In her RAD virtual conference presentation, Z. Pressley Rice, MD, FAAD, dermatologist at Dermatology Associates of Georgia in Atlanta, Georgia focused on the differences and disparities of atopic dermatitis (AD) in patients of skin of color (SoC), or pigmented skin that includes individuals from a variety of races and ethnic groups.
She emphasized the challenges of dermatological diseases in SoC:
-few studies have investigated Soc differences in epidemiology of dermatologic diseases
-little focus on SoC in medical school and residencies, creating low awareness that can impact diagnosis
-healthcare discrepancies affecting patients with SoC
-delayed treatment courses
-increased morbidity, ranging from melanoma and non-melanoma skin cancer to chronic inflammatory diseases
-shortage of participant diversity in clinical trials and lack of peer-reviewed literature on SoC
Numerous studies show that AD places a major burden on the SoC population. Evidence suggests that AD has a higher prevalence in some SoC populations than in Caucasians.
African Americans are 3 times more likely to be diagnosed with the condition than Caucasians, and Asian and Pacific Islanders are 7 times more likely to be diagnosed with it as compared to White counterparts.
There is also research to suggest AD has a greater quality of life impact in SoC patients, including:
-African Americans typically have more doctor visits for AD than Caucasians.
-non-Hispanic black and non-Hispanic children are more likely to have persistent AD than non-Hispanic White children.
-AD may be less controlled among African Americans versus White patients.
Rice said the reasons for the disparities could be biologically based (genetics) or socioeconomic. African American patients are at a higher risk of transepidermal water loss, causing dry skin, which has been studied in multiple small trials. This greater risk of dry skin would be consistent with a higher prevalence of AD. Rice noted that this could stem from socioeconomic causes, as opposed to biological. It could also be caused by genetic variations like the Filaggrin null mutations that could contribute to skin barrier dysfunction. Different racial populations have unique variations of FLG mutations.
Earlier studies show a detection of various immune axis markers in SoC AD patients, such as Th17/22 involvement in some Asian patients. Price noted that these findings may or may not generally hold for other Asian or African American populations. In addition, it is unknown whether AD pathogenesis itself differs in these patients exhibiting such markers because of the small cohorts.

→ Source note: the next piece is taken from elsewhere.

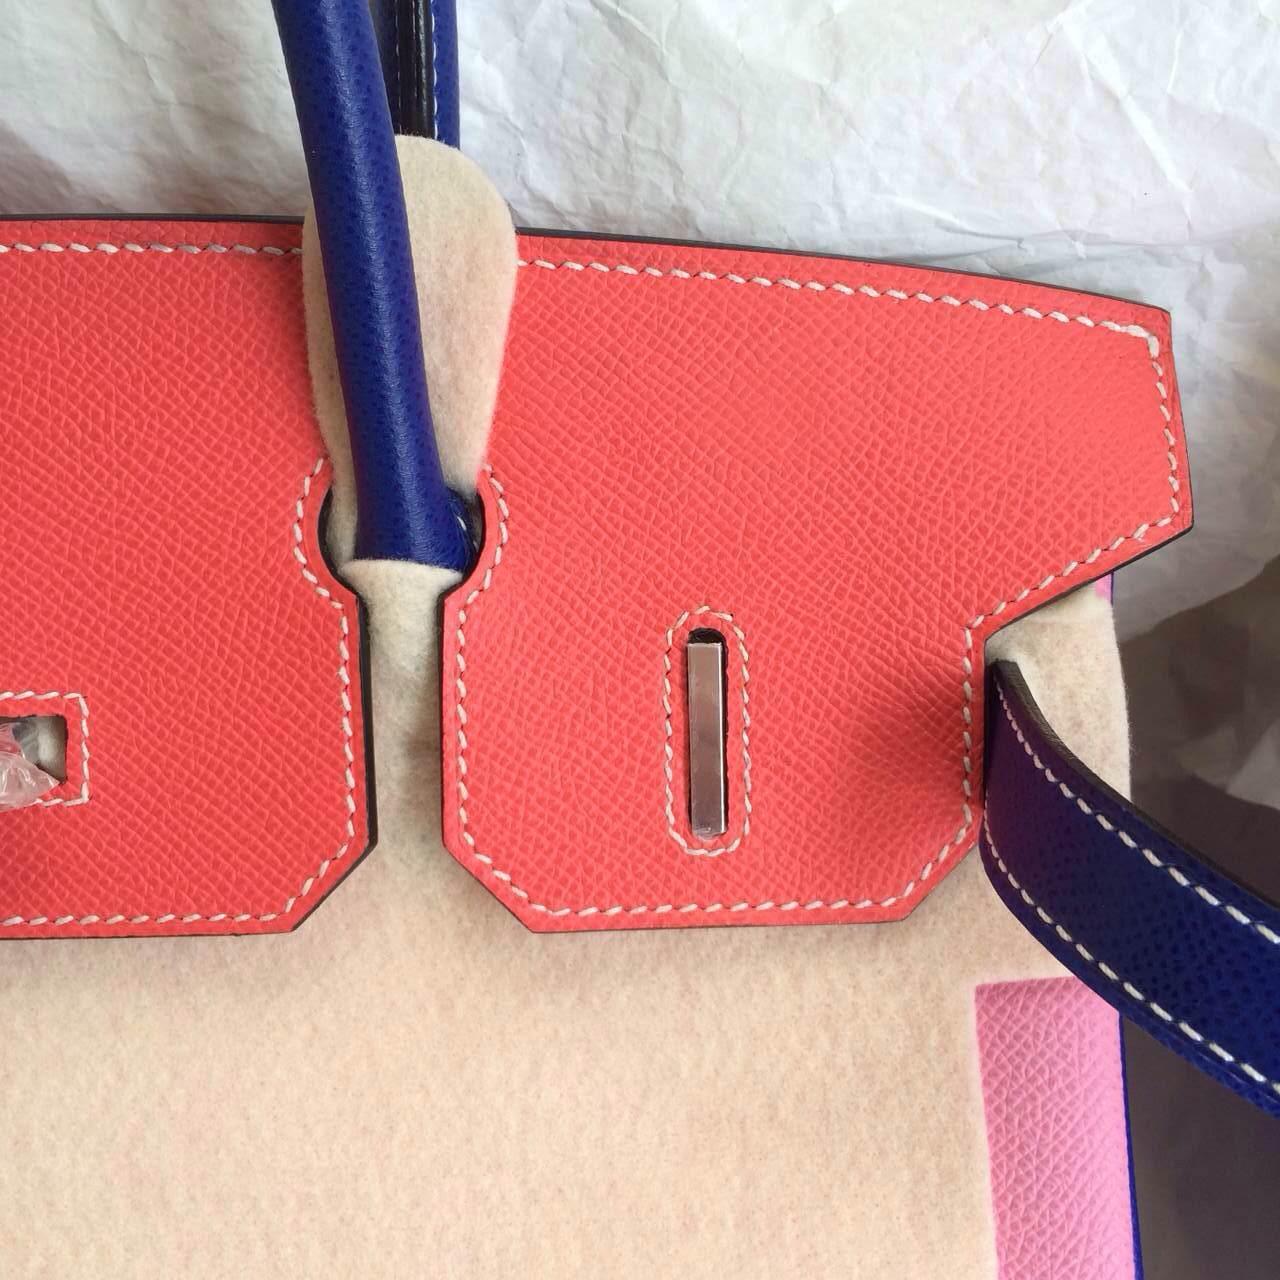 Hermes Birkin Bag 5P Pink/7T Blue Electric/T5 Rose Jaipur Epsom Leather

Rice said there is an underestimation of AD severity in SoC. Erythema may be difficult to identify or appear differently in heavily pigmented skin and can present differently such as pink or violet. Edema, skin warmth, or scaling are all indications of underlying erythema. Rice noted that the masking of erythema may prevent early diagnosis of AD and lead to the development of more severe diseases.

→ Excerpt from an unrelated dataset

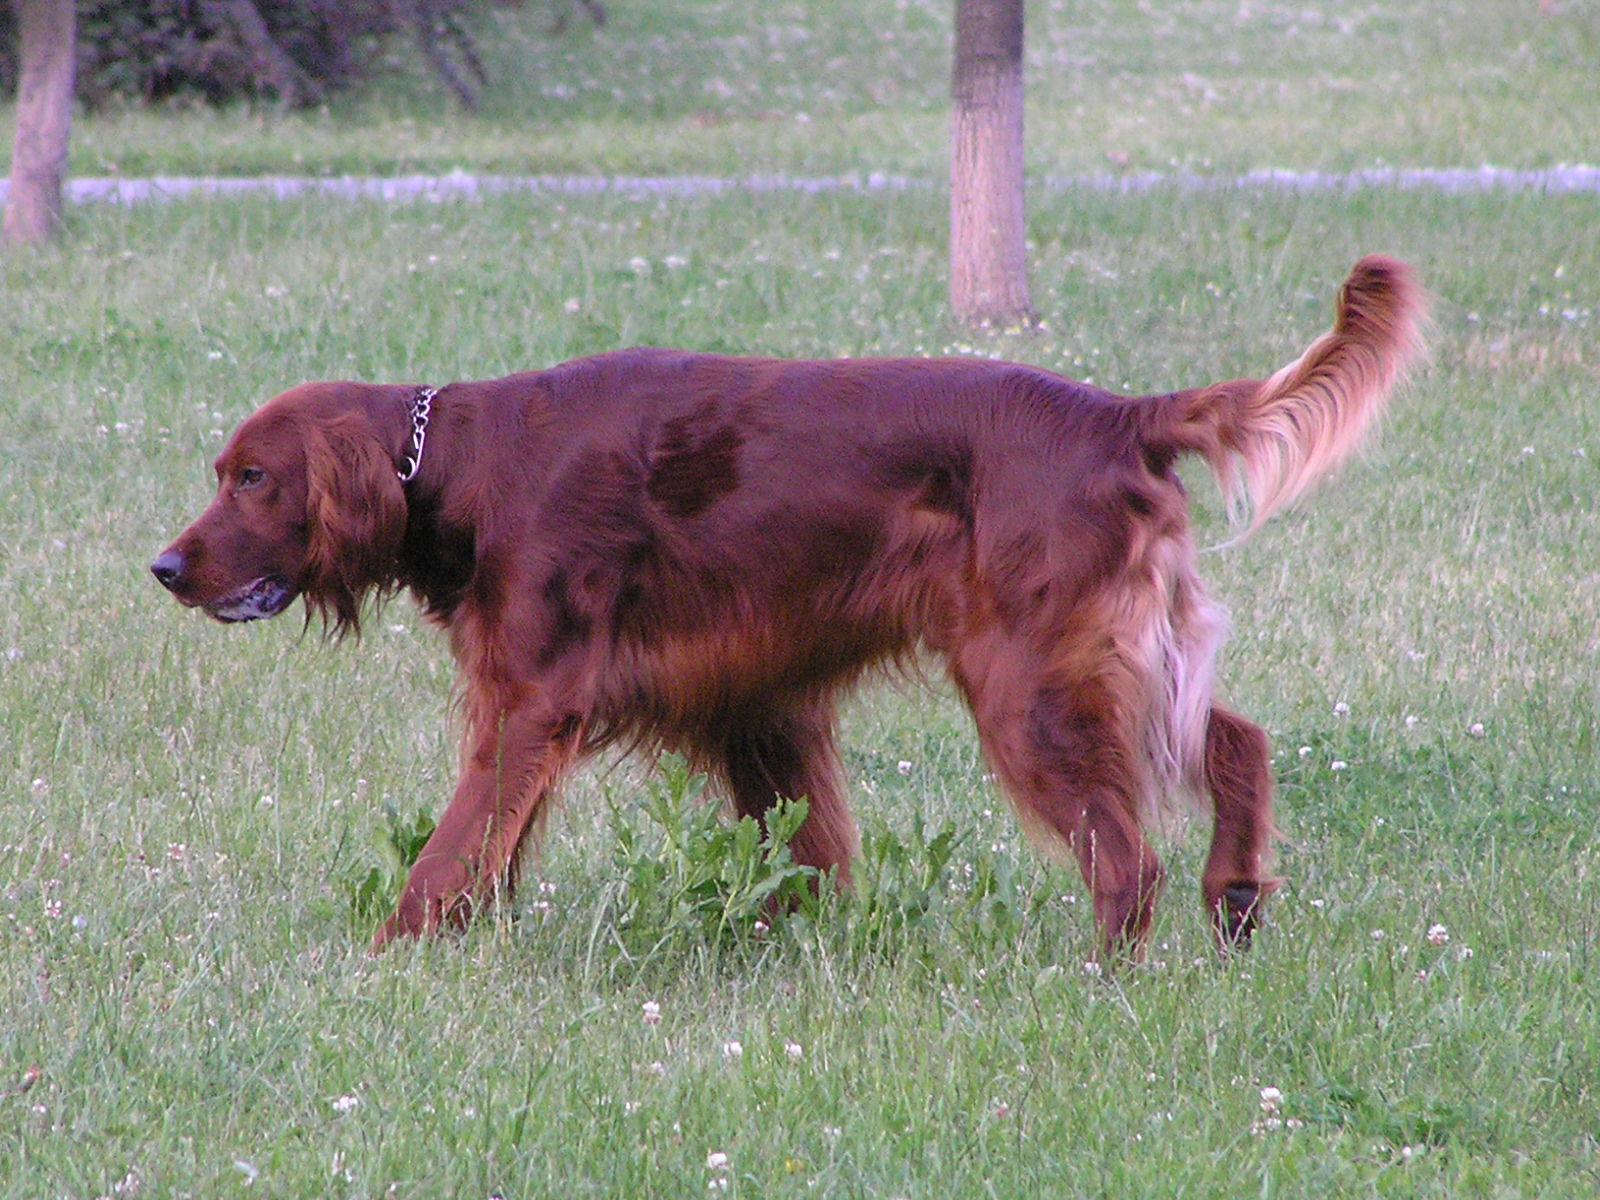 Jaką Rase Ma Pies Który Jest Duży I Ma Długą Rudą Sierść

While the general treatment options for AD are similar across ethnicities, there are some considerations for clinicians to understand. Proactive therapy with topical corticosteroid is the standard treatment for chronic inflammatory diseases like AD, but in darker skin types, long-term use can worsen hypopigmentation. Ultraviolet phototherapy is another common treatment, but the dosing and duration of treatment are all issues to be considered for patients of color.
Rice indicated throughout the presentation that as the population in the United States becomes more diverse, it is crucial for clinicians to familiarize themselves with the special circumstances of treating AD in patients with SoC, and that additional data on the efficacy of common therapies for SoC are needed as well.
Reference
Pressley-Rice, Z. The shades of atopic dermatitis in skin of color. RAD 2022 Conference; December 11, 2022.